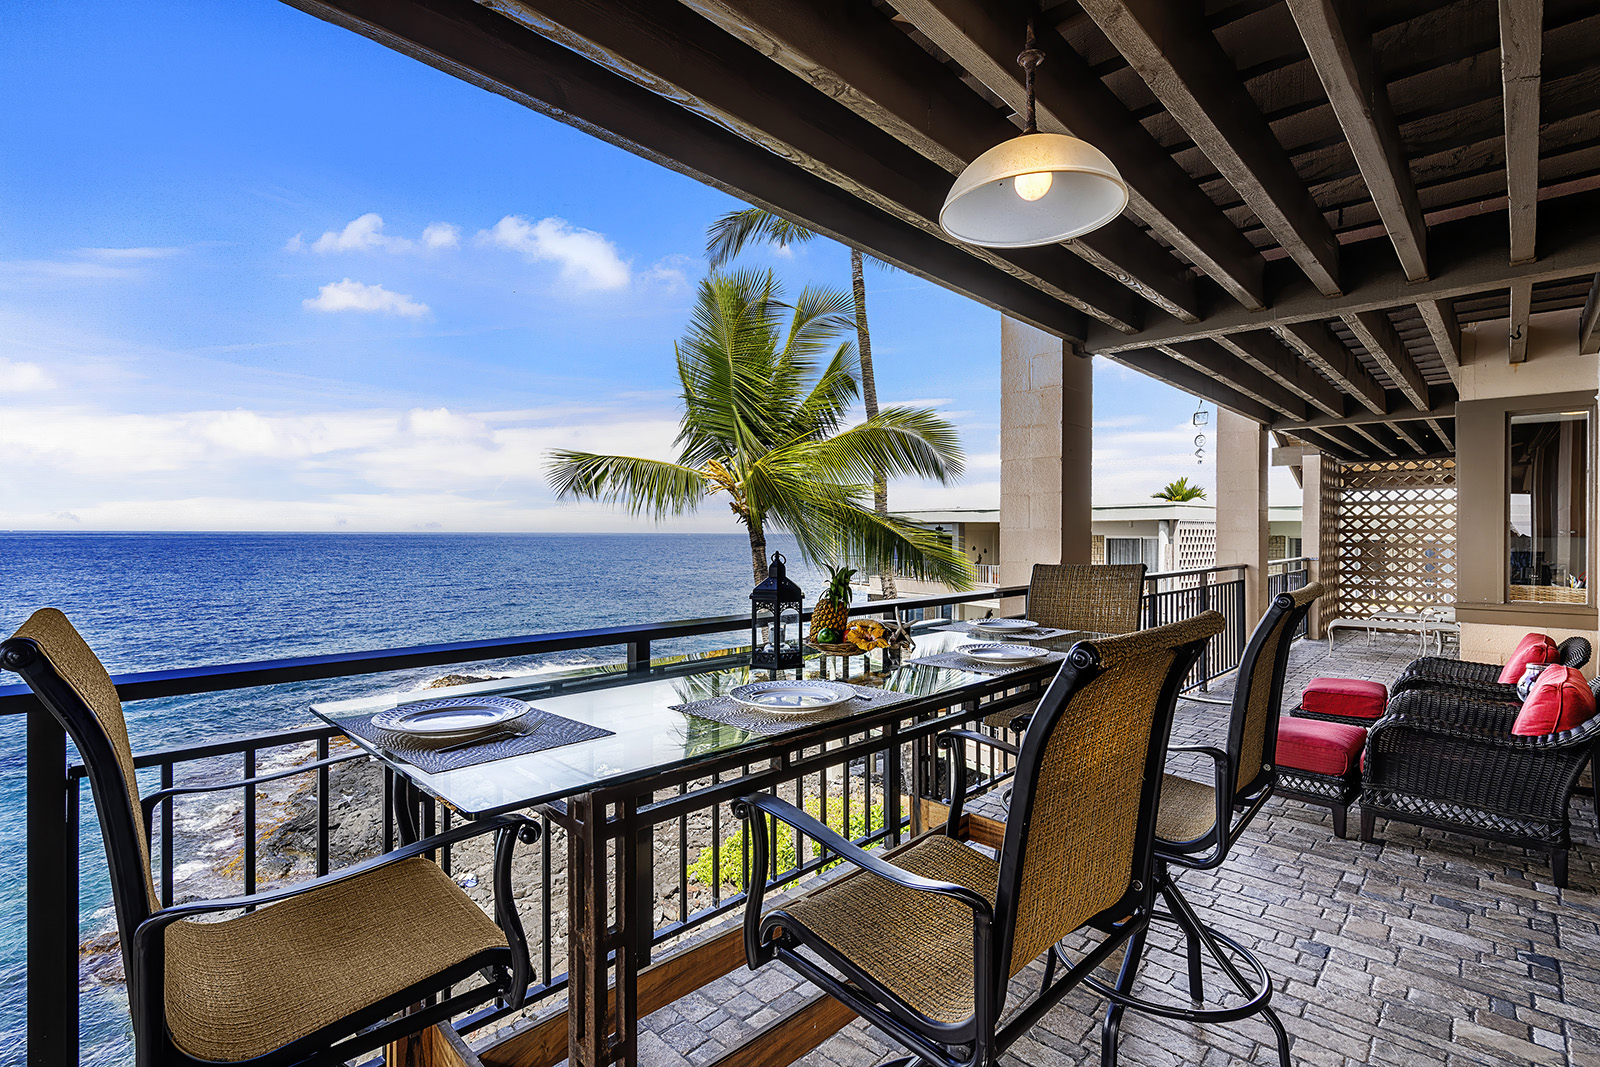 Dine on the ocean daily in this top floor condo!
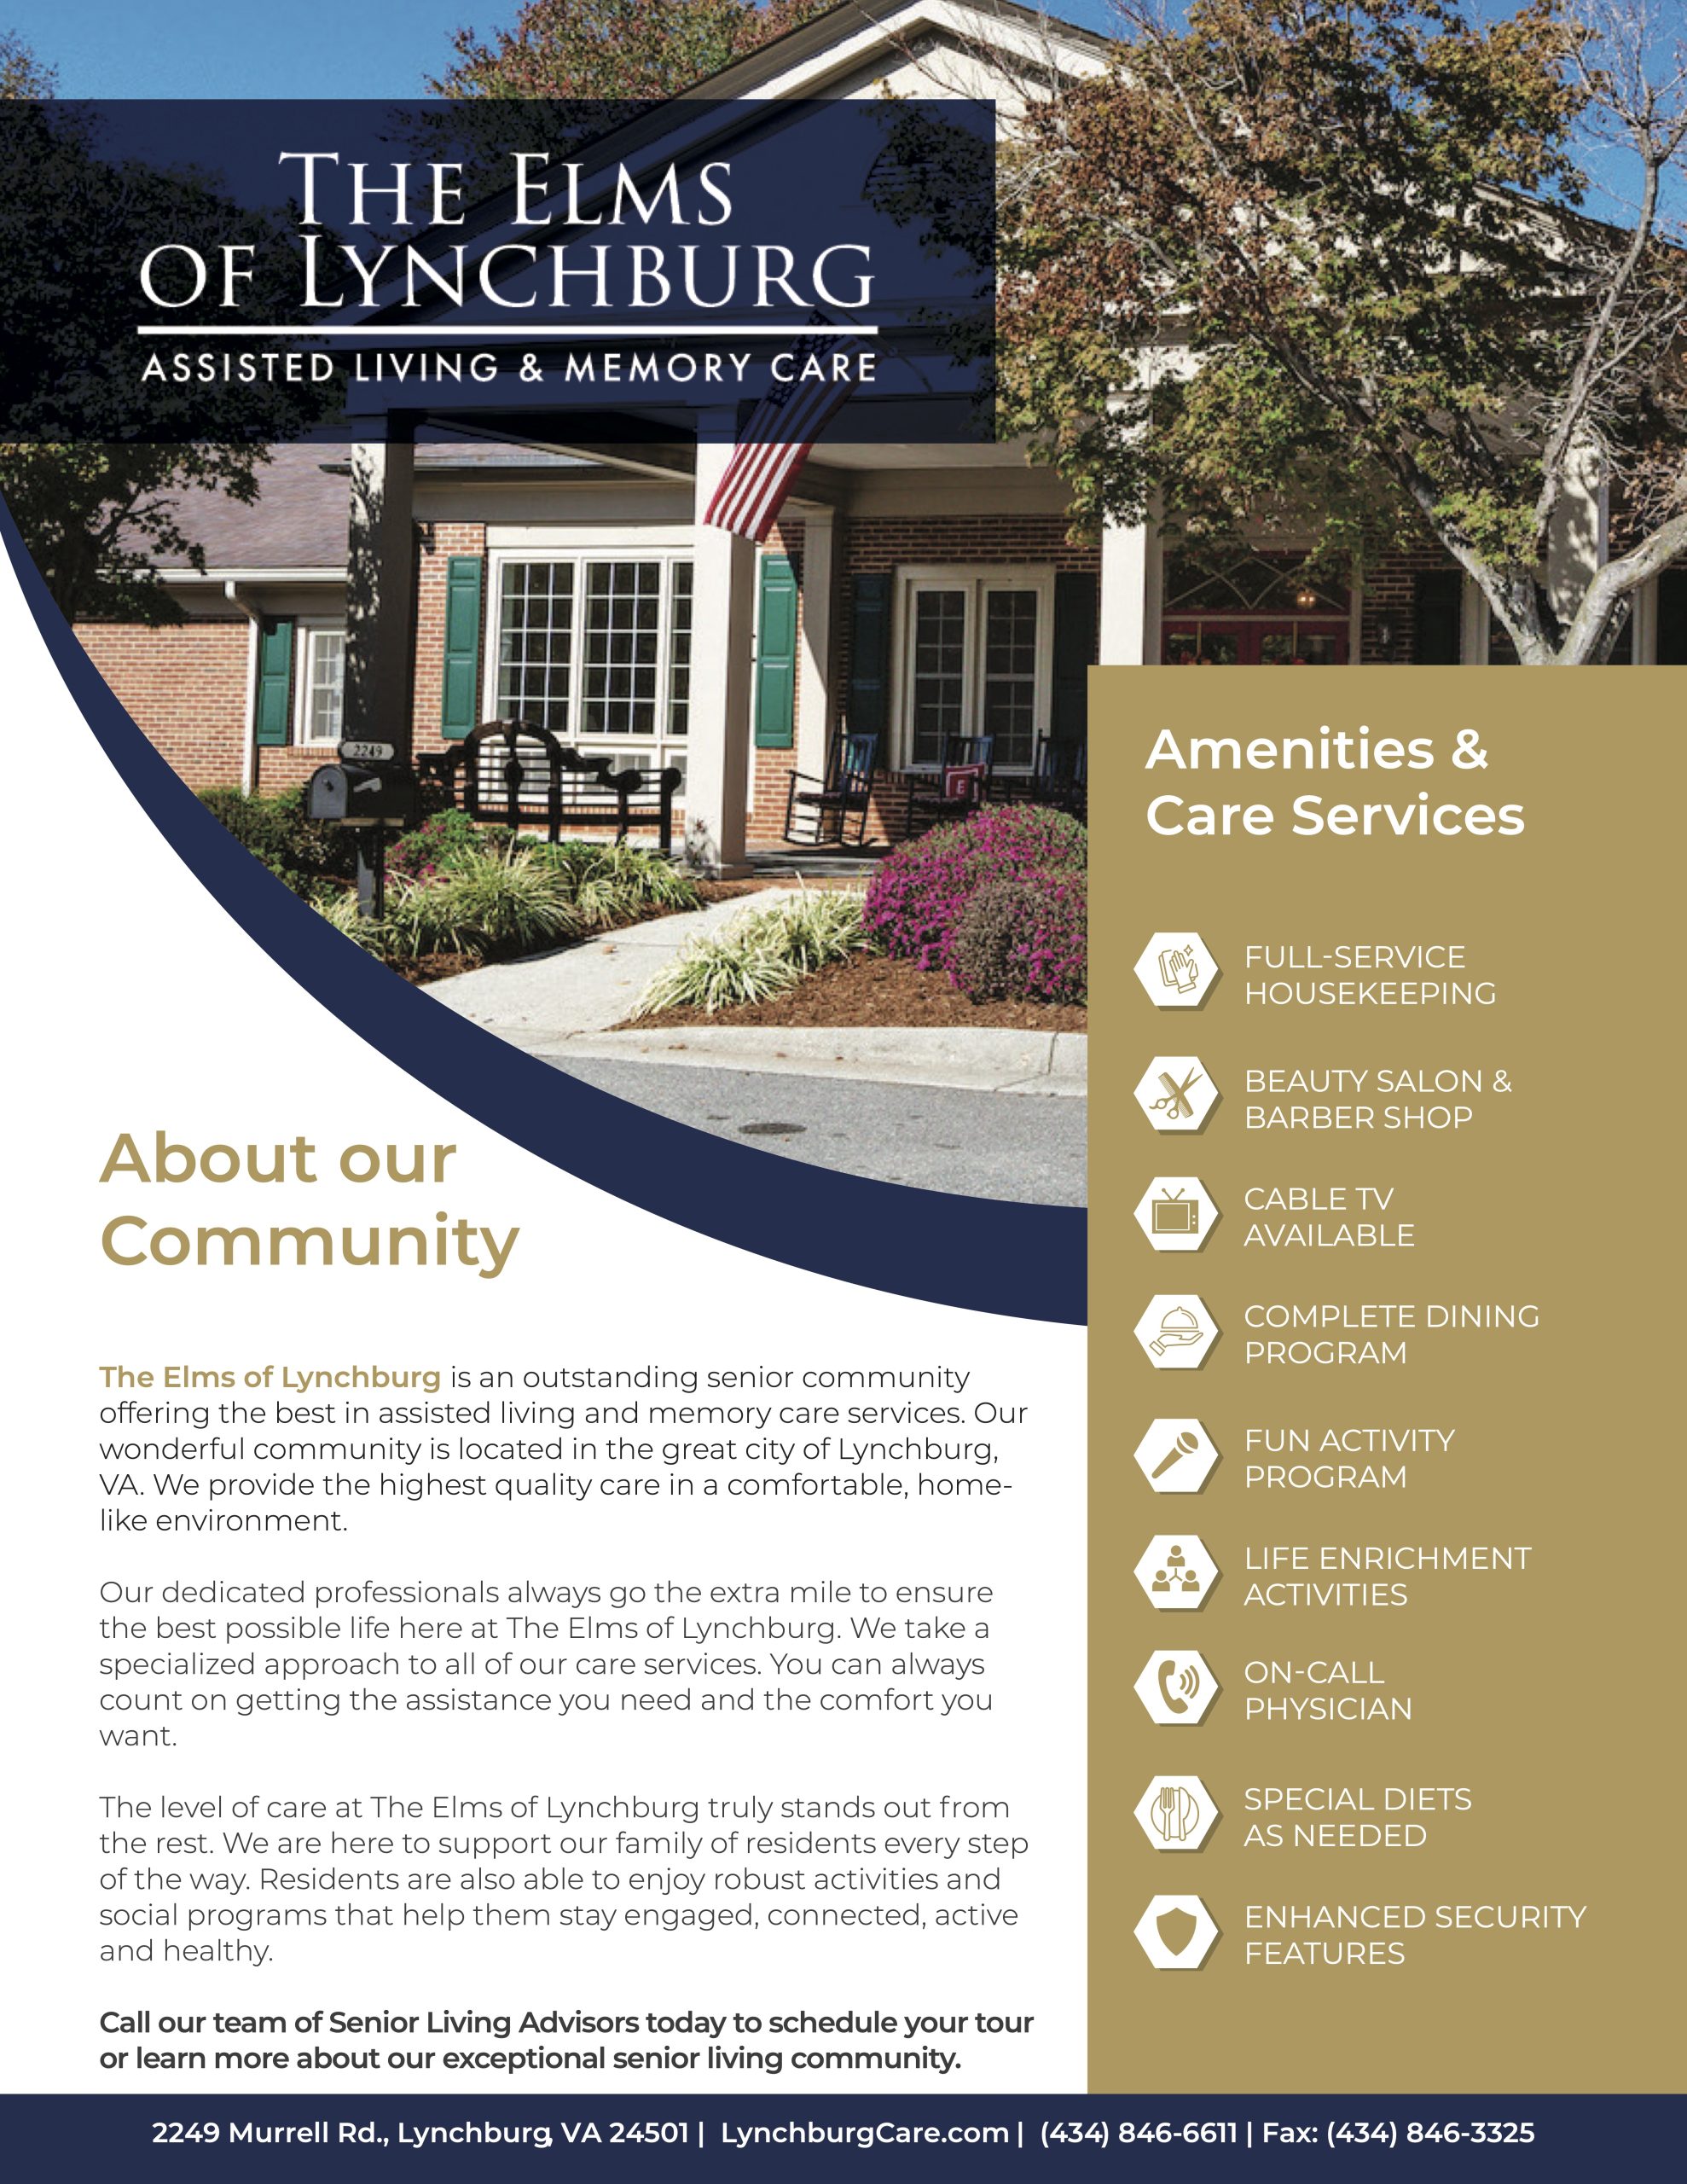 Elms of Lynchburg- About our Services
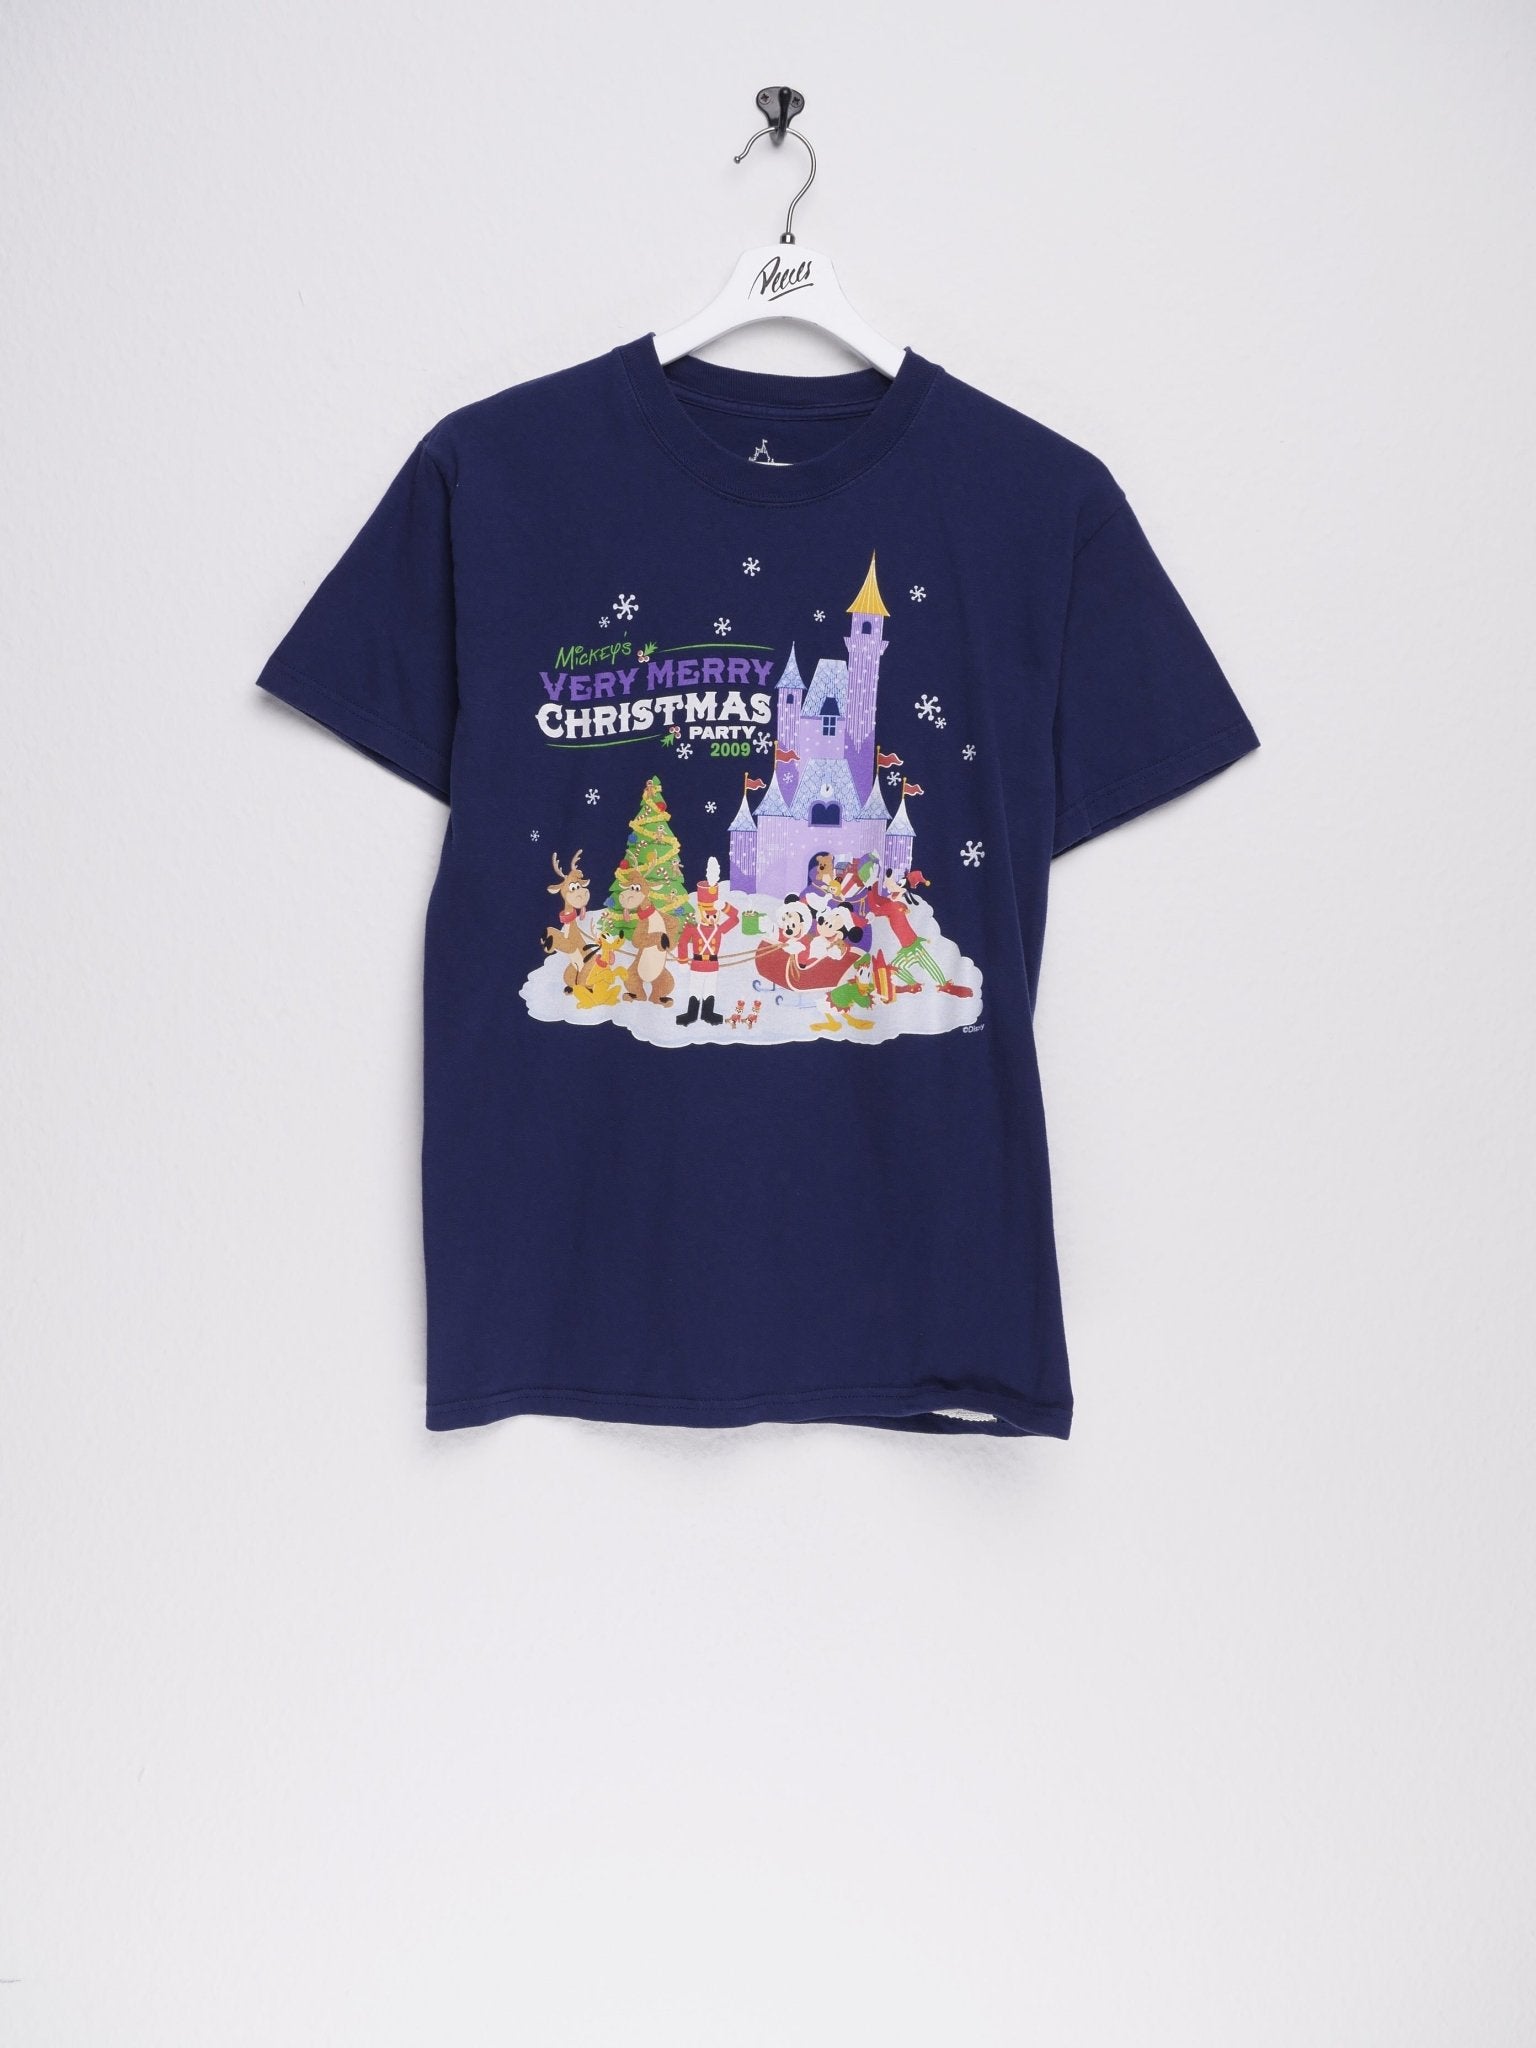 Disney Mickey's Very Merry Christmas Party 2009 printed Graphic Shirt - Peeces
--
Work order: Quote the data above in full and without alteration; skip the pictures.

Exercise solution:
 Dine on the ocean daily in this top floor condo!
 Elms of Lynchburg- About our Services
 Disney Mickey's Very Merry Christmas Party 2009 printed Graphic Shirt - Peeces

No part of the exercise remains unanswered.